# Timing belt, 95' HB, SE v6 4x4



## TheEdge (Jan 24, 2008)

1995 Nissan pickup, SE V6 4x4. 112k miles.


New to posting here in this forum, although I am a long time lurker 

Anyhow, I am wondering what all I should have done when I get my timing belt changed. I have read some other posts in lots of places that suggest many different things, water pump, various seals, thermostat, other belts(fan/ac) etc etc...

Could anyone give me a complete list, and a reason to go along with each item? I have had this truck for about 3 years, it now has 112k on it (had about 75k when I bought it). And I know I am already a little late getting the timing belt changed. 

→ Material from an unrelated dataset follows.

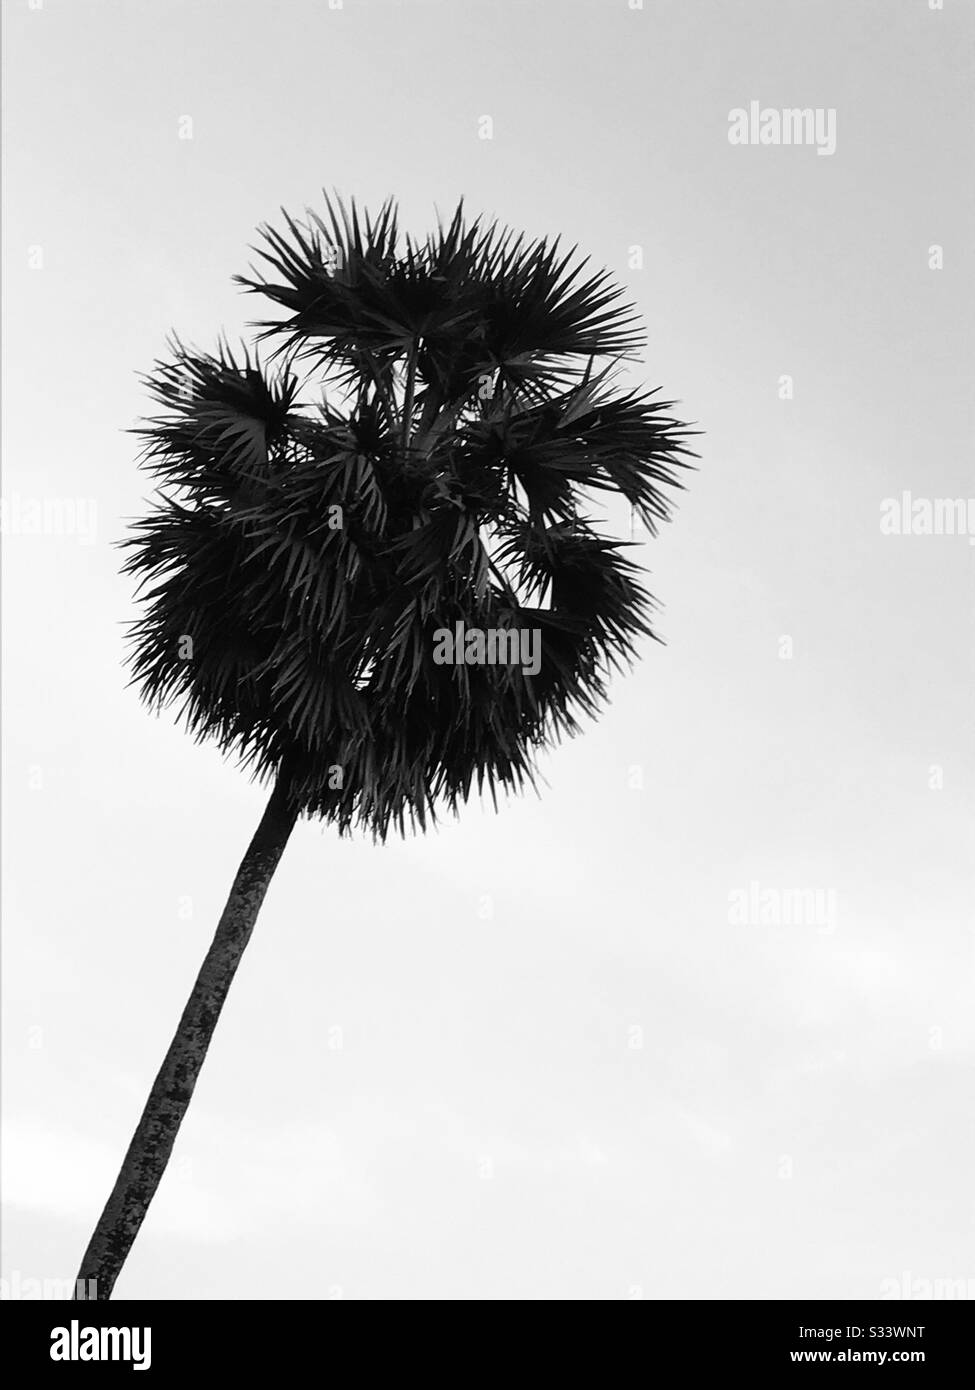 Un albero di palma alto singolo trovato vicino alla mia casa nella mia città natale in India - bevanda indiana Toddy & frutta giovane di palma sono commestibile- modalità in bianco e nero Foto Stock

I just want to cover all my bases, and get stuff done so I don't have to worry about it in the future. I know some dealers do the bare minimum, I just want to make sure if something should be changed (even if its not quite time), that I get it done now while it is all apart.

I am a strong believer in preventative maintenance.

Any help would be great!


----------



## TheEdge (Jan 24, 2008)

OK, I have been doing a ton more research, so far this is my list.

Timing belt & Tensioner
Engine seals Cam/Crank
Thermostat
Waterpump
Coolant hoses
Fan/Ac belts

Anything I am missing?


Thanks


----------



## Oldnissanguy (Jan 6, 2005)

The hoses and belts can be changed later, but everything else ahould be done while you have it apart.


----------



## 88pathoffroad (Jun 6, 2004)

How to change your timing belt! - Nissan Pathfinder Off-Road Association


----------



## TheEdge (Jan 24, 2008)

88pathoffroad said:


> How to change your timing belt! - Nissan Pathfinder Off-Road Association


Nice, unfortunately I have to have mine done. I don't have the space(live in an apartment and its freezing outside), or the time to do it myself(work too many dang hours)

Cost is going to be $1150( Belt/Tensioner, all engine seals, thermostat, water pump, fan/ac belts, and all coolant hoses) from a large local nissan dealer. Along with a loaner for the day so I can drive to work(not sure yet if this is a plus hah)

But at least it will be done and out of my mind.


----------



## smj999smj (Jan 1, 2006)

You got the list pretty much covered. Sometimes the welsh plug under the right side cam needs to be resealed with RTV on the threads as coolant leaks would sometimes develop, but it will need to be disassembled to check; it's hidden behind the rear timing cover.


----------